Reputation: 11
As per the documentation available in the Airflow Docs here, GCS can be configured as an input source for the AutoMLImportDataOperator. However, I'm curious as to how a BQ table can be used since there is functionality for it within AutoML Tables itself. Any suggestions would be appreciated.
Upvotes: 1
Views: 177
Reputation: 1213
AutoML Tables supports both BigQuery and GCS as sources. You can use BigQuery URI format to specify the location of your training data and it must conform to the following format: bq://<project_id>.<dataset_id>.<table_id>
In the Airflow DAG, you can use AutoMLImportDataOperator
with input_config
as below
IMPORT_INPUT_CONFIG = {"bigquery_source": {"input_uri": 'bq://{}.{}.{}'.format(project_id, bq_dataset, bq_table)}}
import_dataset_task = AutoMLImportDataOperator(
task_id="import_dataset_task",
dataset_id=dataset_id,
location=GCP_AUTOML_LOCATION,
input_config=IMPORT_INPUT_CONFIG,
)
You can refer to Airflow example DAG here for a more complete example with GCS as source. You have to update IMPORT_INPUT_CONFIG
variable with BigQiuery URI.
Upvotes: 1
Reputation: 132
At the moment Airflow in GCP is still in prerelease [0], and as I understand there is no this functionality in Airflow operators [1] up to now. You may use the bigquery_to_gcs [2] operator to move your BQ data into GCS for later using the AutoMLImportDataOperator. Alternatively you can try to create your custom operator [3]

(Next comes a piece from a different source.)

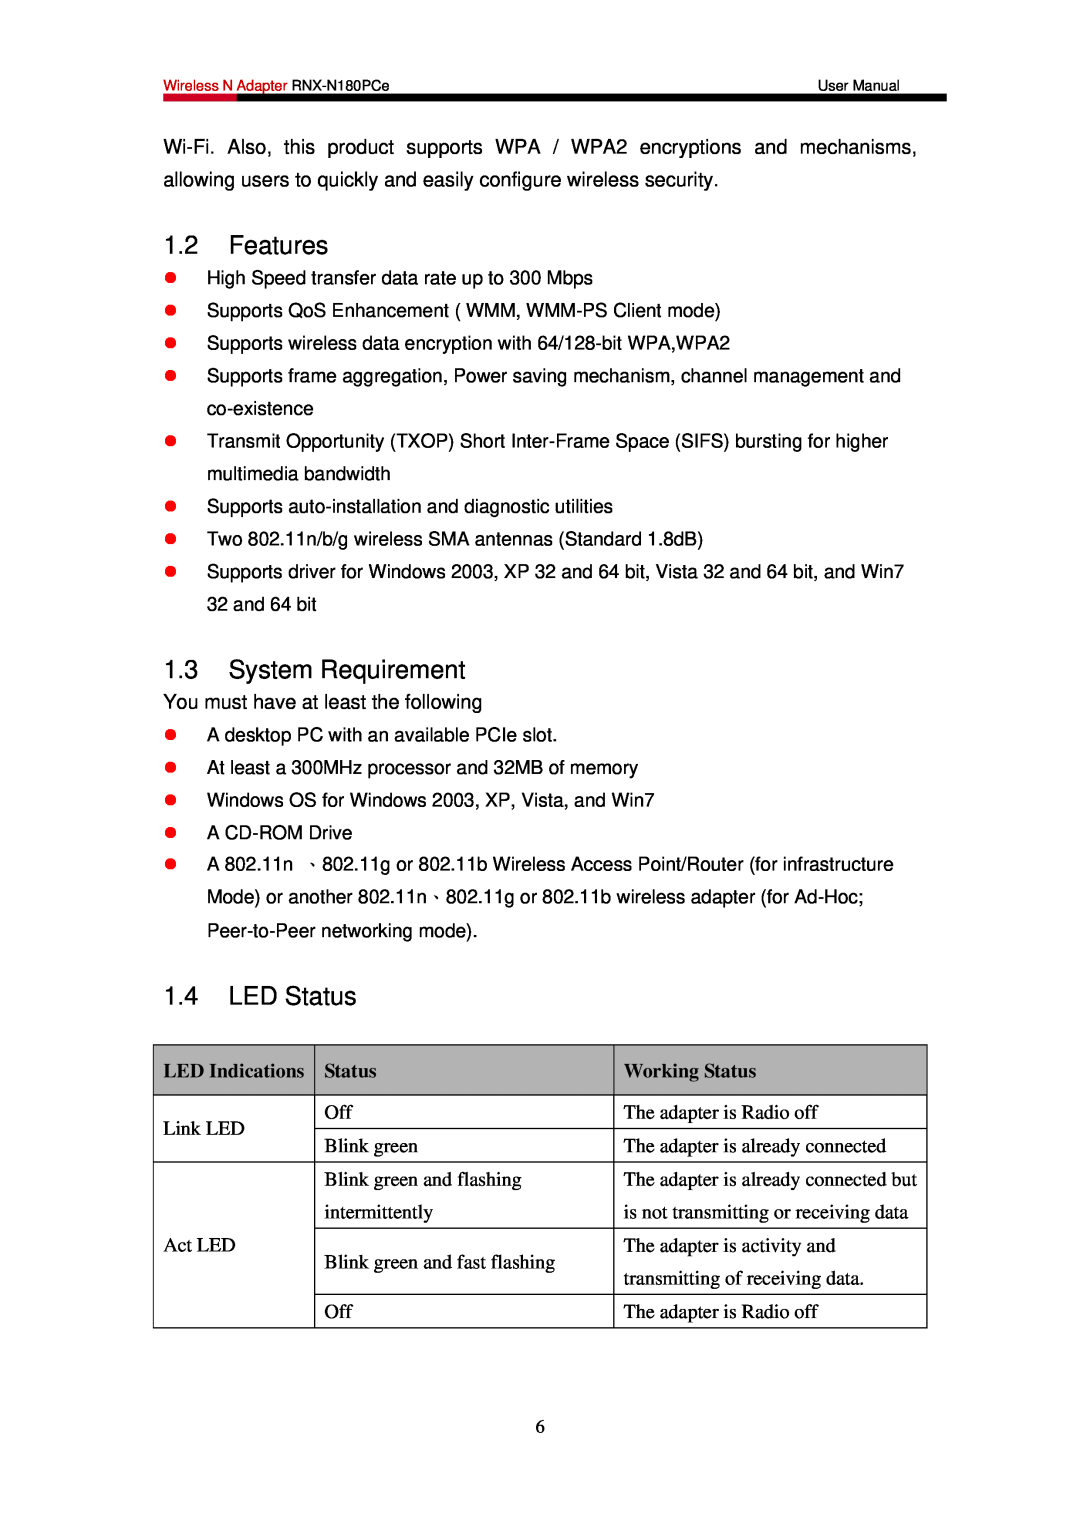 Rosewill RNX-N180PCE user manual Features, System Requirement, LED Status, LED Indications, Working Status 
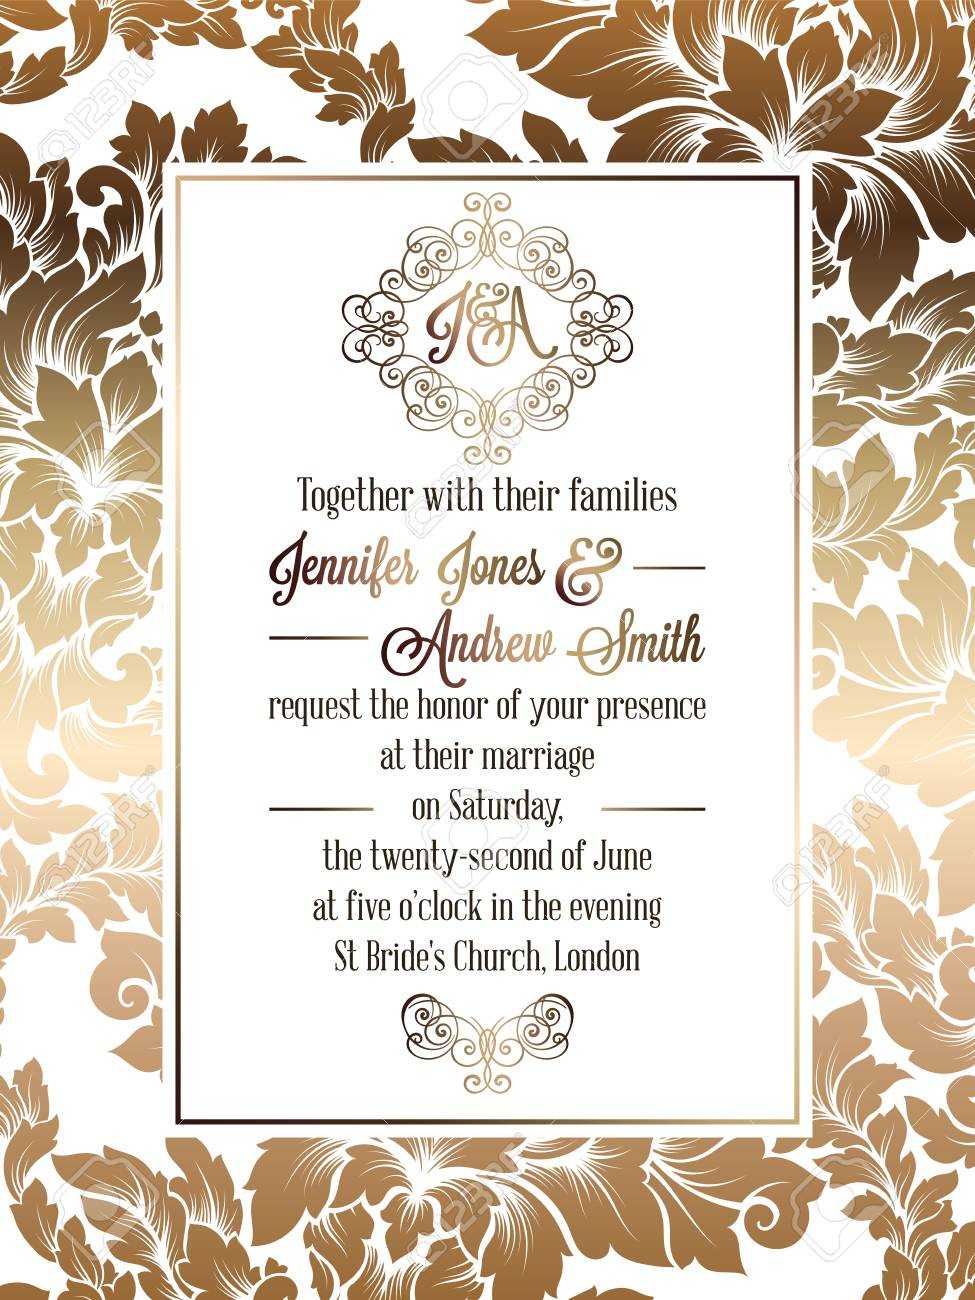 Vintage Baroque Style Wedding Invitation Card Template.. Elegant.. Intended For Invitation Cards Templates For Marriage

[0] https://cloud.google.com/automl-tables/docs/integrations
[1] https://airflow.readthedocs.io/en/latest/howto/operator/gcp/automl.html
[2] https://airflow.apache.org/docs/stable/_modules/airflow/contrib/operators/bigquery_to_gcs.html
[3] https://airflow.readthedocs.io/en/latest/howto/custom-operator.html
Upvotes: 0